Breakthroughs related to "neutrino oscillation" - the transformation of one type of particle into another - were made by Takaaki Kajita of the University of Tokyo in 1998, and by Arthur B. McDonald of Queen's University in Ontario, Canada, in 2001. This year, Kajita and McDonald shared the Nobel Prize for their work.

In 2012, Chinese scientists announced that they had also solved the puzzle, based on observations at the Daya Bay Reactor Neutrino Experiment, which had only been in operation for a few months.

"After the Daya Bay experiment, the high-energy physics community finally saw the whole picture of how neutrinos work. We have found each type of neutrino and we know how they transform into each other," said Wang Yifang, director of the Institute of High Energy Physics in Beijing.
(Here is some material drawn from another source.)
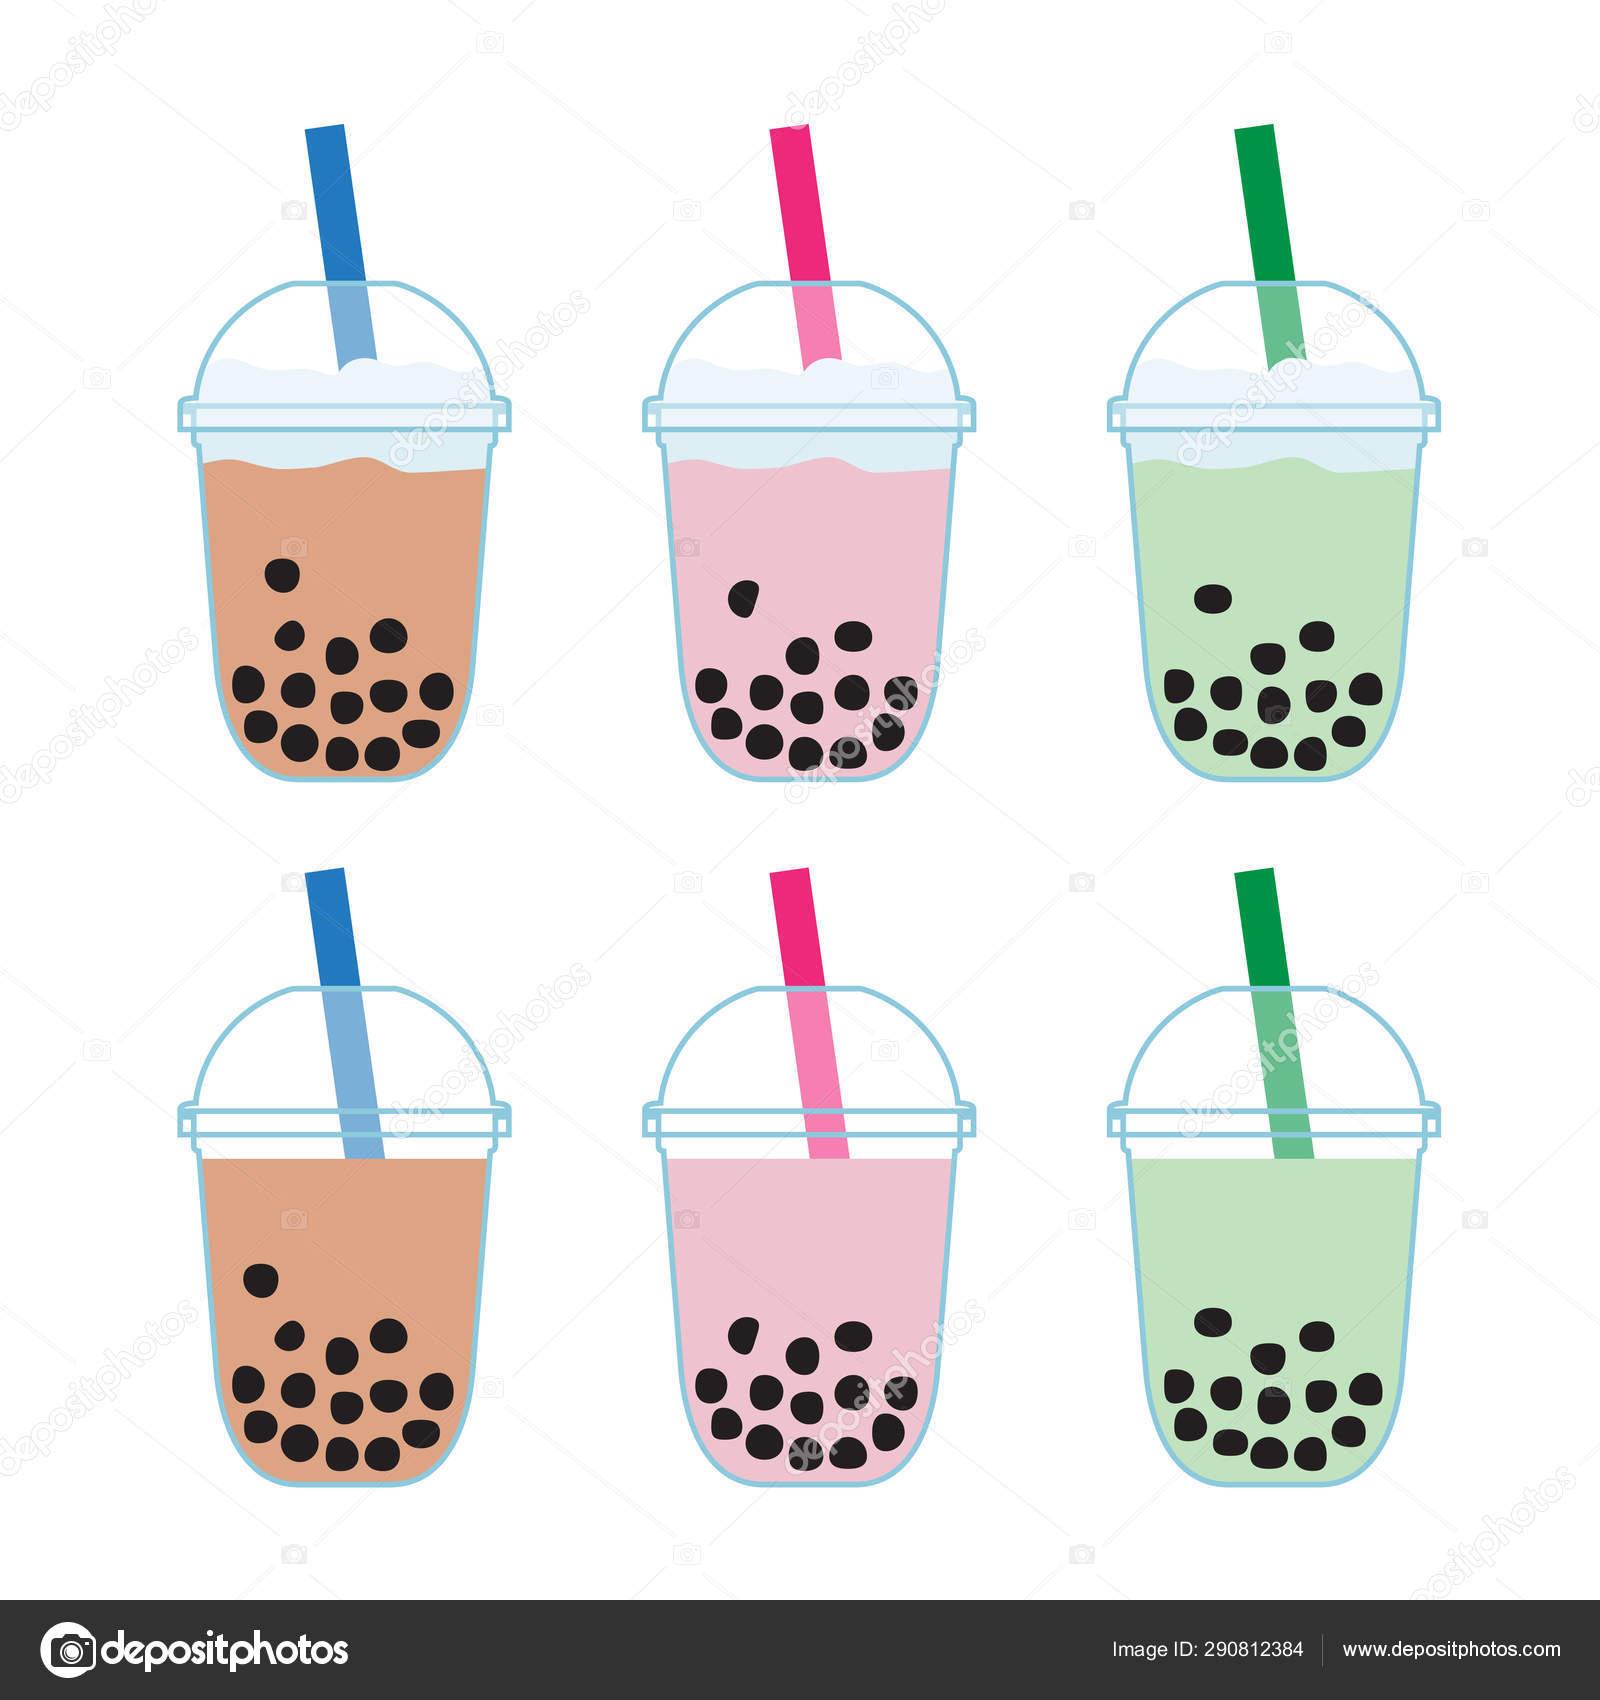 bubble tea boba tea pearl milk tea popular drink vector stock vector c dec nui gmail com 290812384 bubble tea boba tea pearl milk tea popular drink vector stock vector c dec nui gmail com 290812384

This is not the end of the story, though, and more questions remain, including determining the exact nature of the neutrino, its mass and how it interacts with matter.

Most important, the neutrino is the physicists' only opportunity to challenge the Standard Model of particle physics, a theory that developed gradually during the latter half of the 20th century and relates to concepts such as electromagnetism and nuclear interaction, and also attempts to classify all known subatomic particles.

Since the Higgs boson - the elusive last particle predicted by the Standard Model - was discovered in 2012, physicists have been pinning their hopes on finding anomalies in neutrinos that fail to match the theory.

(China Daily 12/28/2015 page5)